Task prompt
Copying rule for the data below: pictures stay out, and only the lines from the one with "d3dcompiler_43.dll fayli yo'qolganmi?." down to the one with "7 Days of Adventure in Hakuba", inclusive, are repeated exactly.

Material supplied
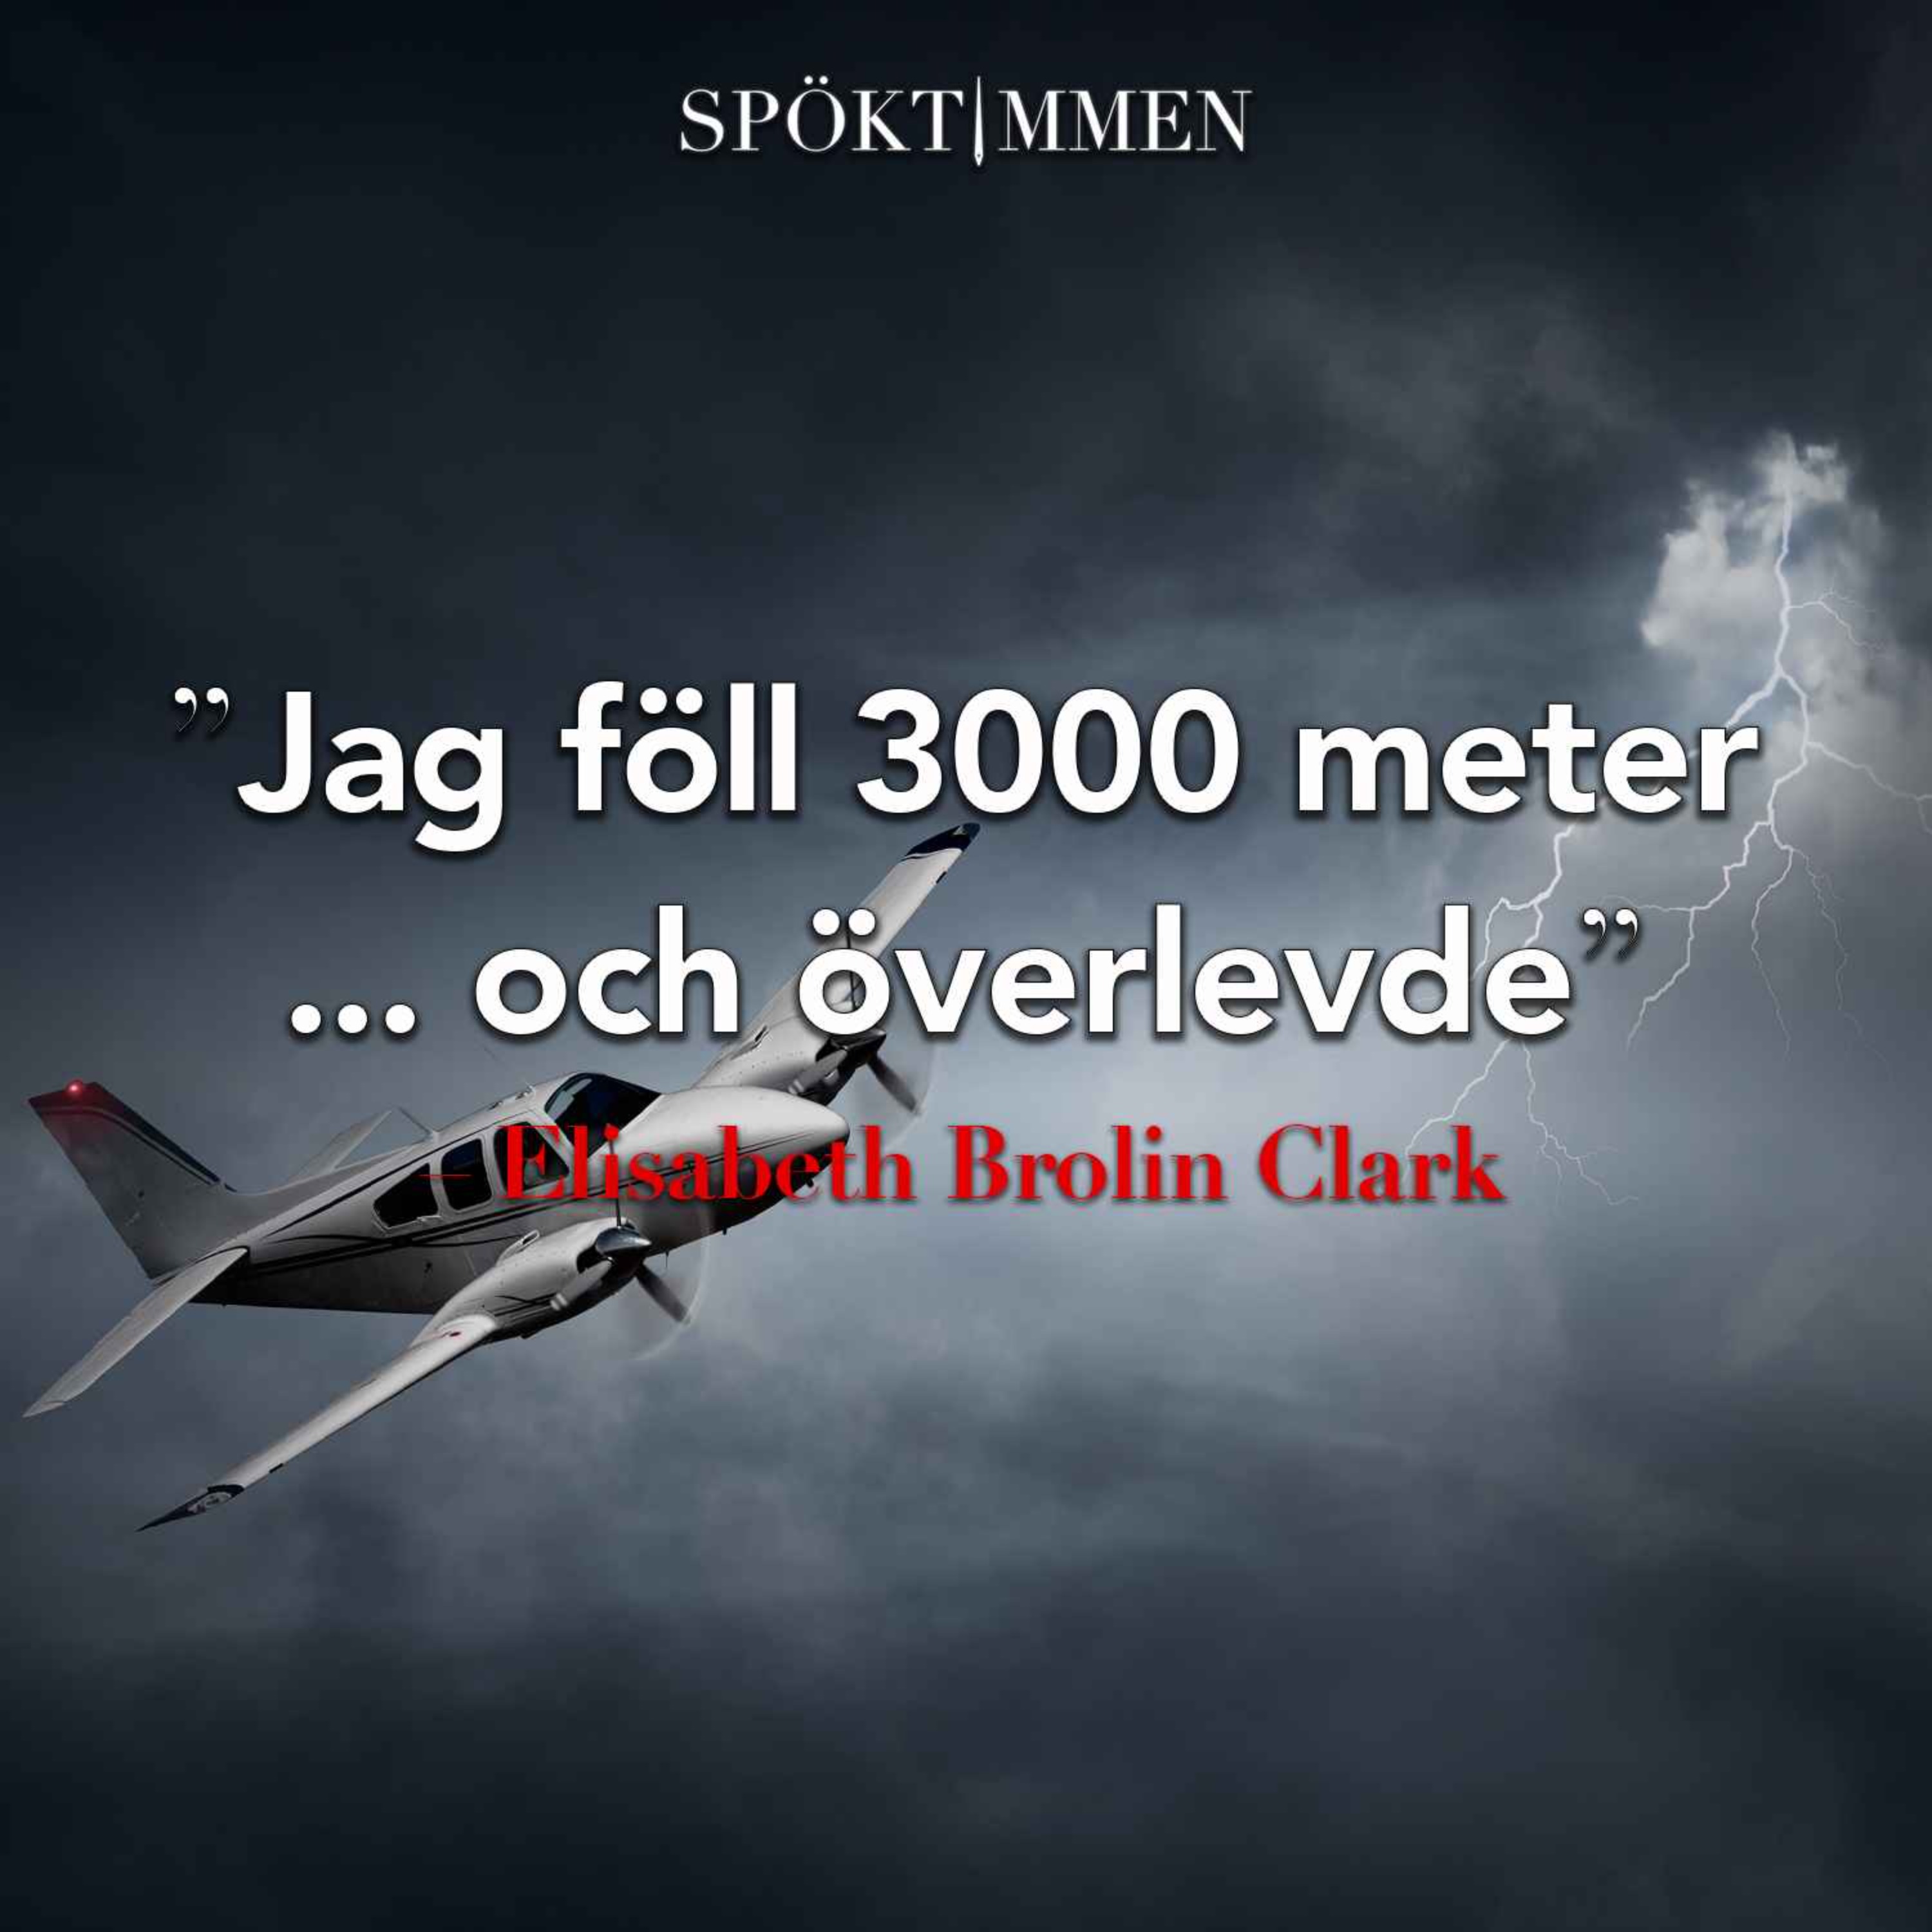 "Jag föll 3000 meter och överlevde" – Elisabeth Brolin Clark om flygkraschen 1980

---

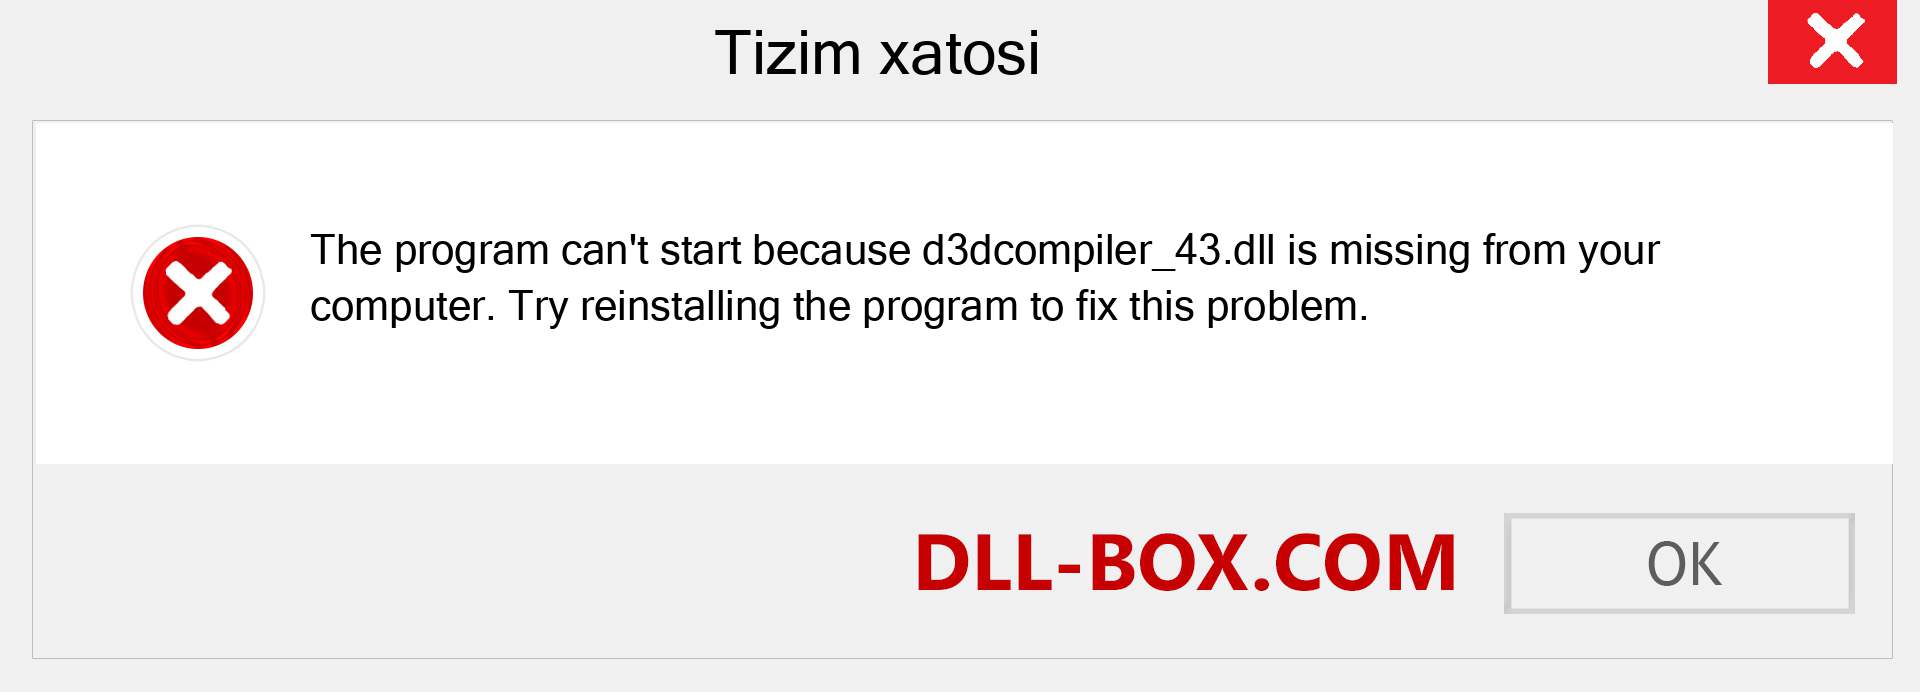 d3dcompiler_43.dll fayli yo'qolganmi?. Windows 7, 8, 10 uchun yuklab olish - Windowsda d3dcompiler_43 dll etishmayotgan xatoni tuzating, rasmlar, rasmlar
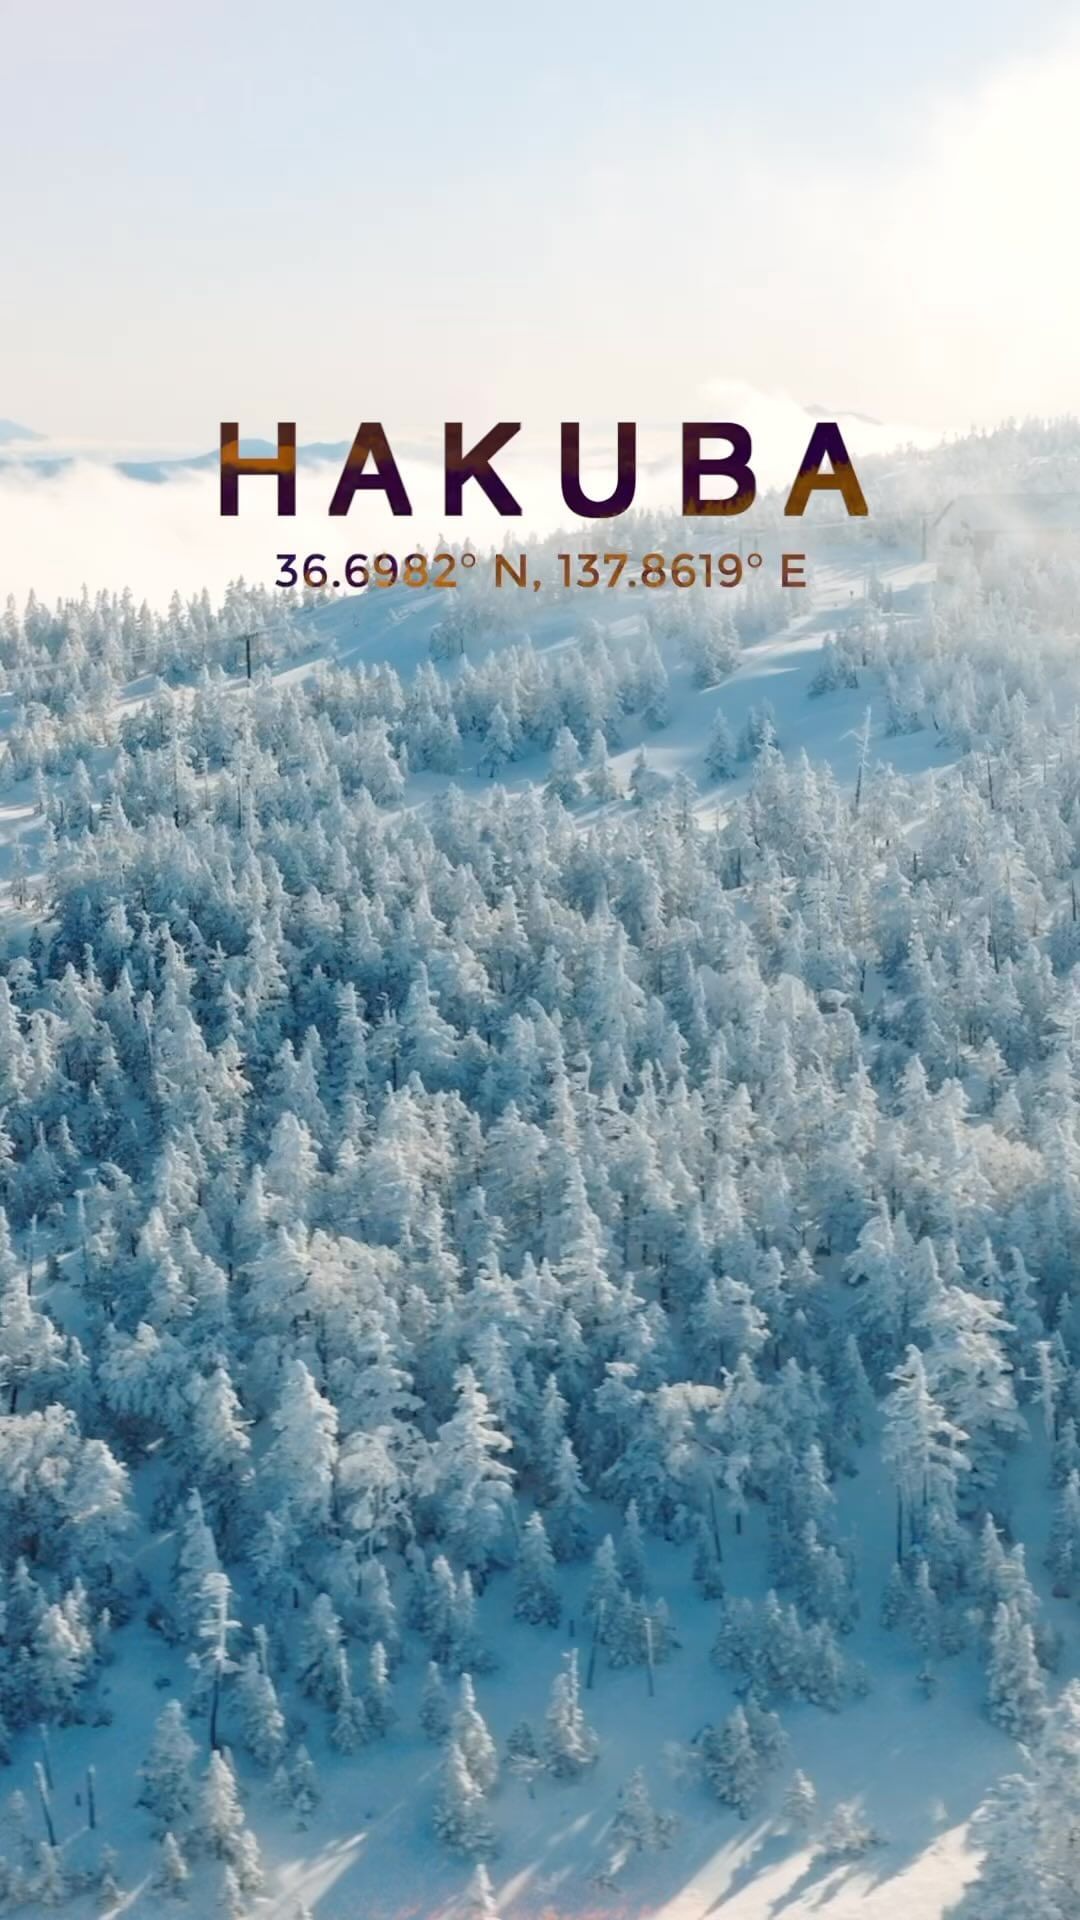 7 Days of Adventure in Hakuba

--

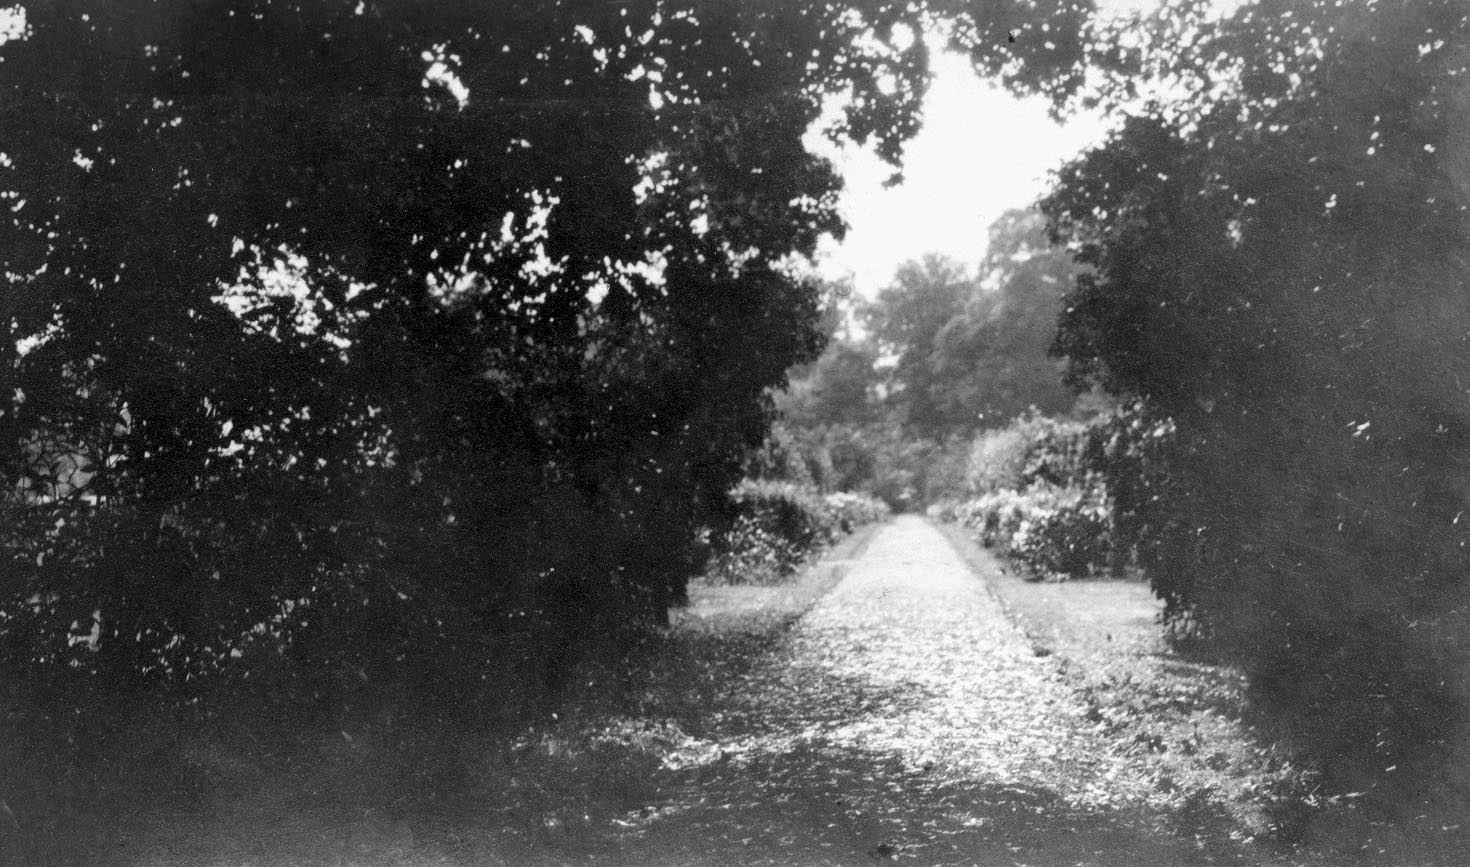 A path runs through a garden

Answer space
 d3dcompiler_43.dll fayli yo'qolganmi?. Windows 7, 8, 10 uchun yuklab olish - Windowsda d3dcompiler_43 dll etishmayotgan xatoni tuzating, rasmlar, rasmlar
 7 Days of Adventure in Hakuba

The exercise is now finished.